▸ DATA SEGMENT:
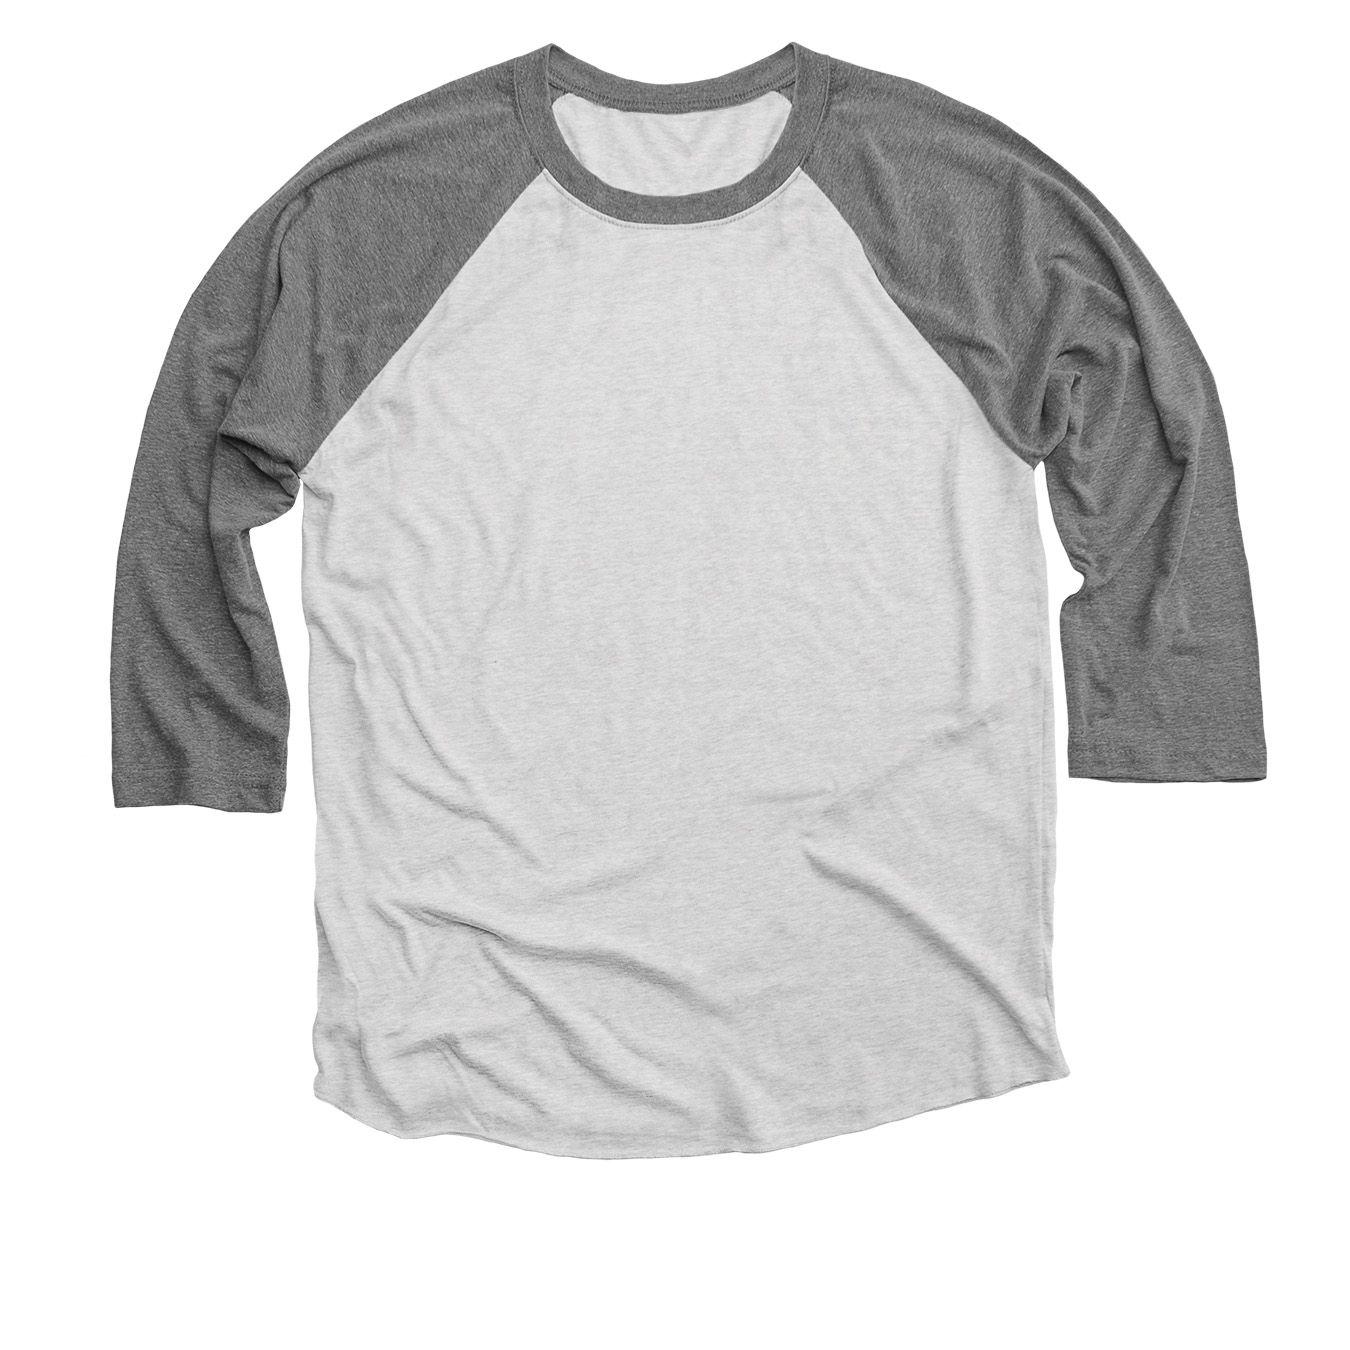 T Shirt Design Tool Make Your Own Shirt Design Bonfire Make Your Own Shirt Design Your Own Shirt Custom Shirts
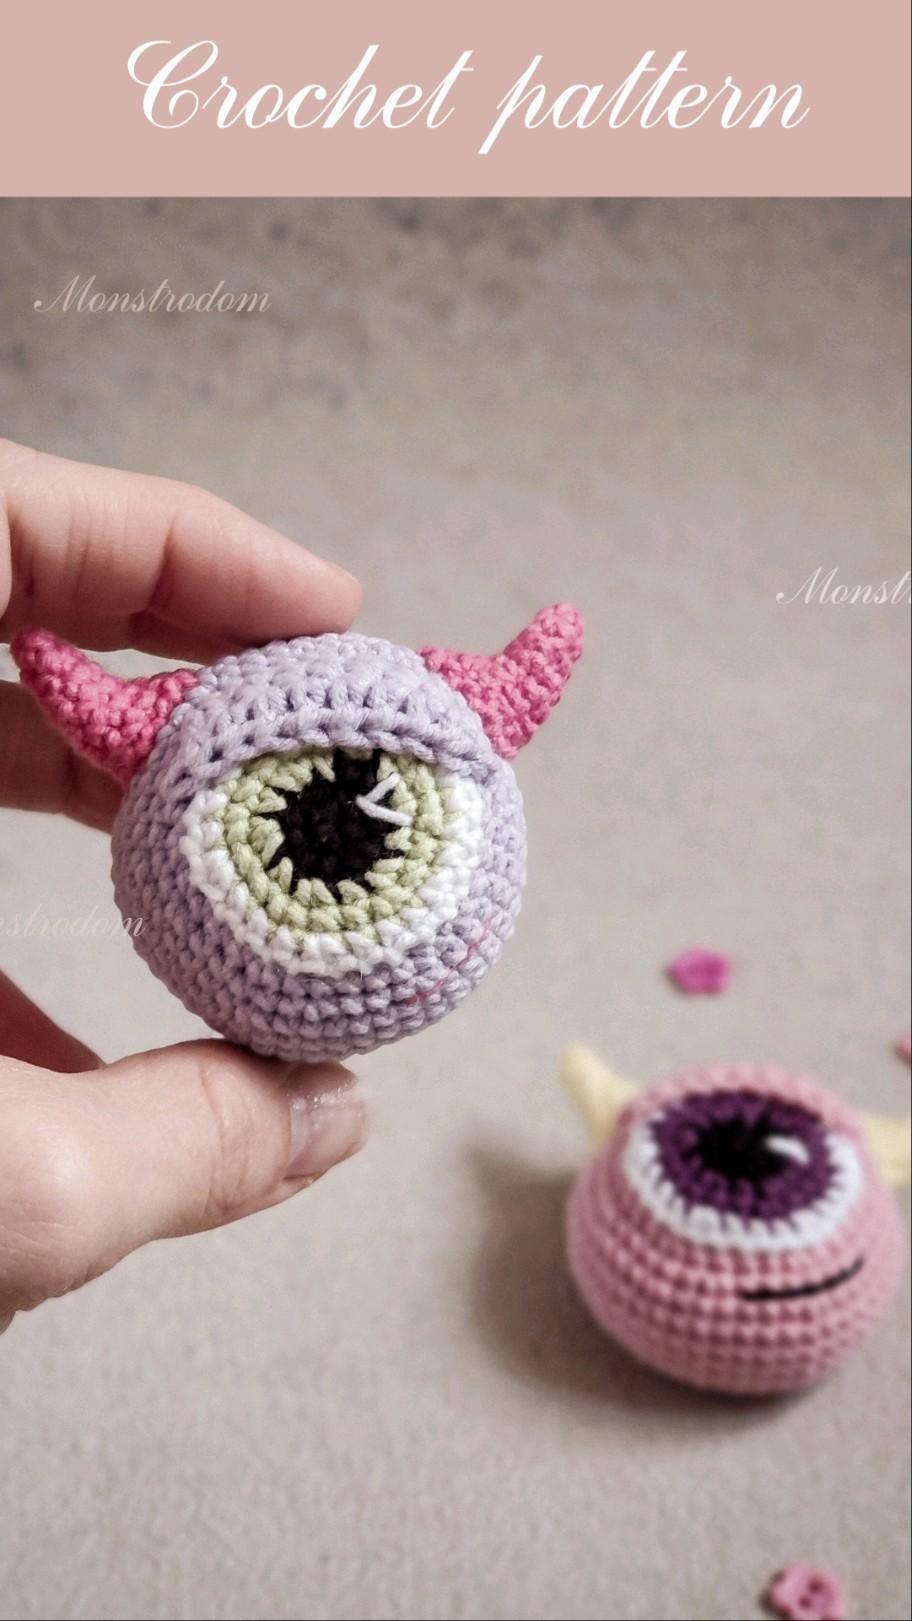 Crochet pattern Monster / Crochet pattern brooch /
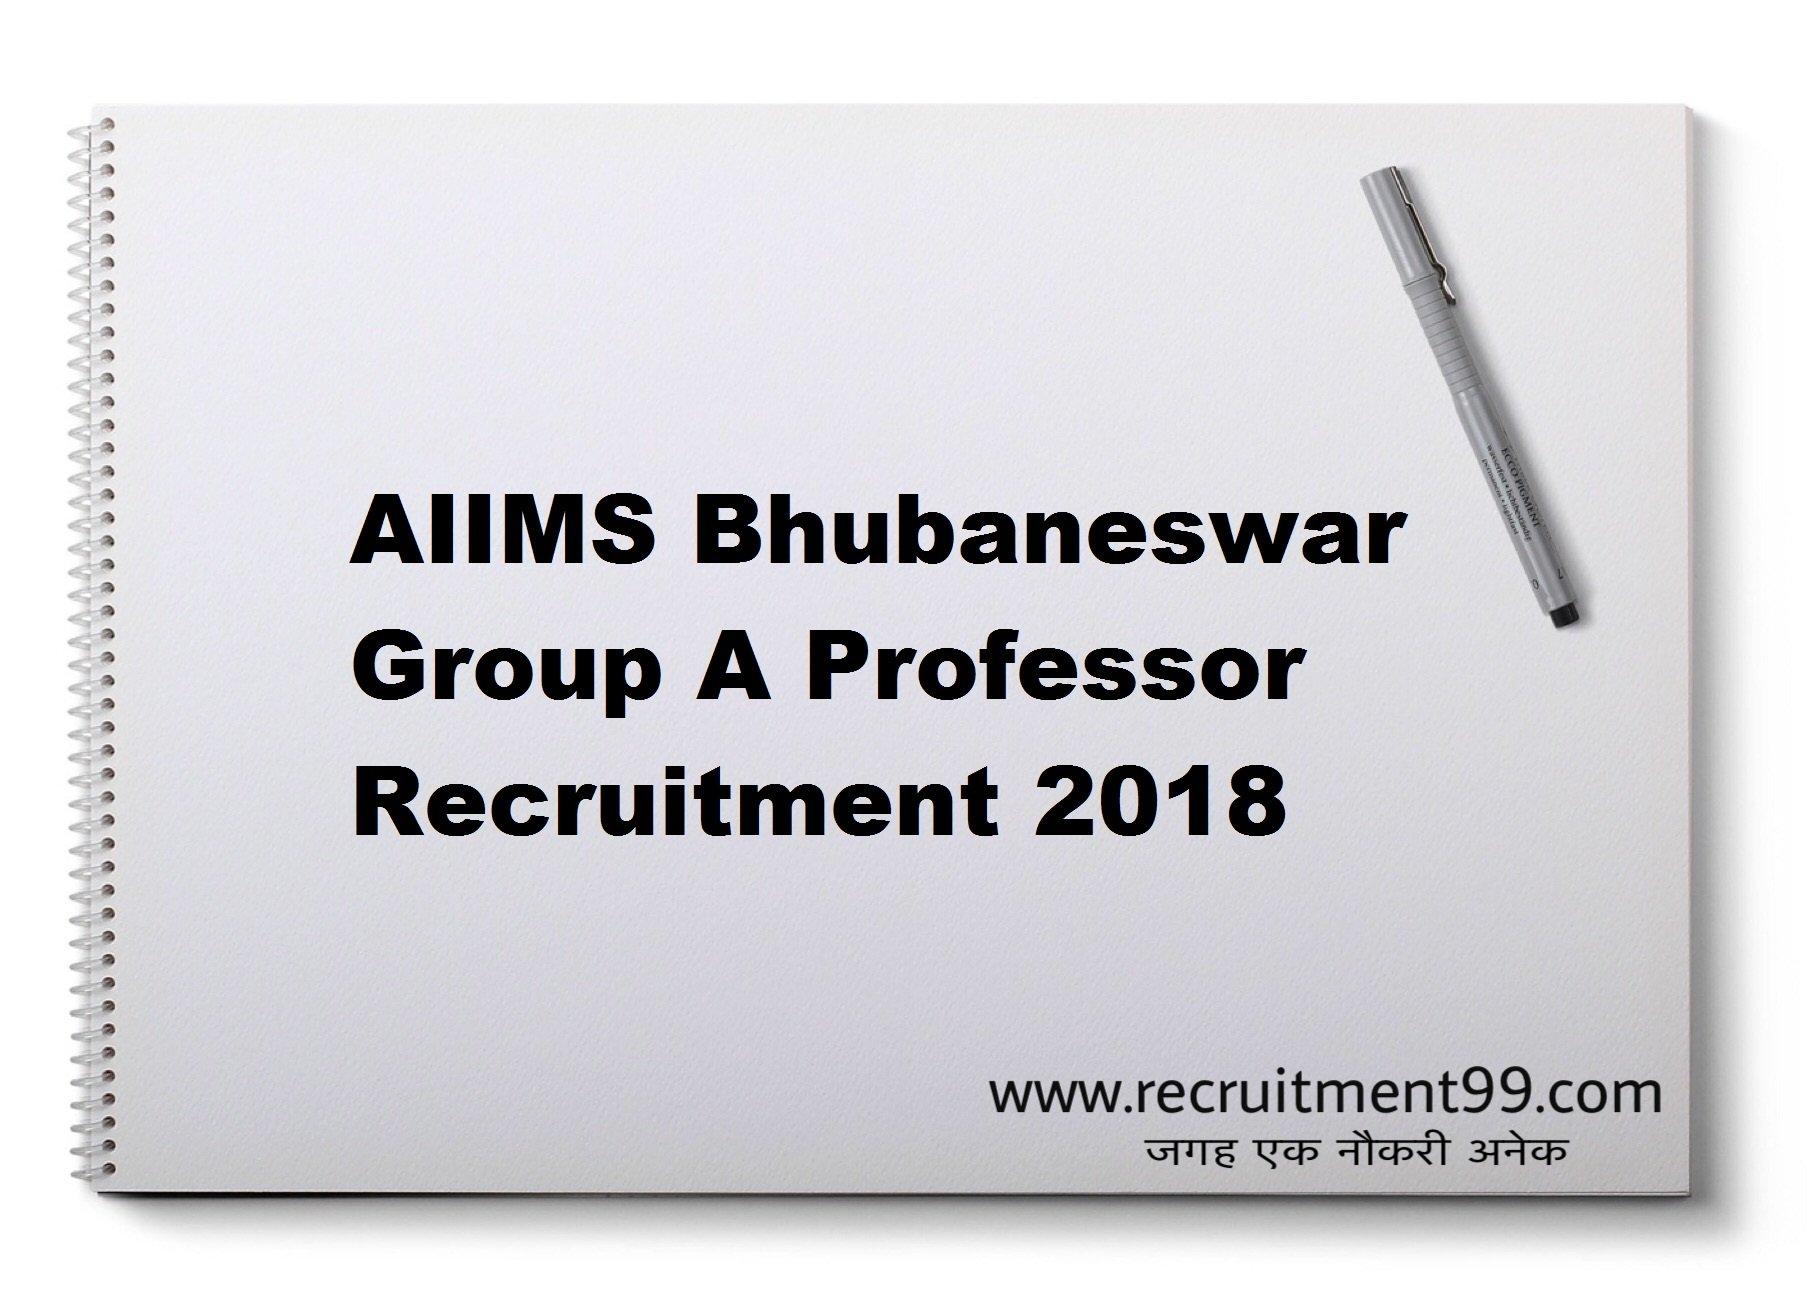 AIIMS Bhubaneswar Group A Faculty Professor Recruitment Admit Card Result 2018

▸ WORK INSTRUCTION: With the line containing "Crochet pattern Monster" as the first line and the last line of the listing as the final one, reproduce that span exactly, without pictures.

▸ SOLUTION BELOW:
 Crochet pattern Monster / Crochet pattern brooch /
 AIIMS Bhubaneswar Group A Faculty Professor Recruitment Admit Card Result 2018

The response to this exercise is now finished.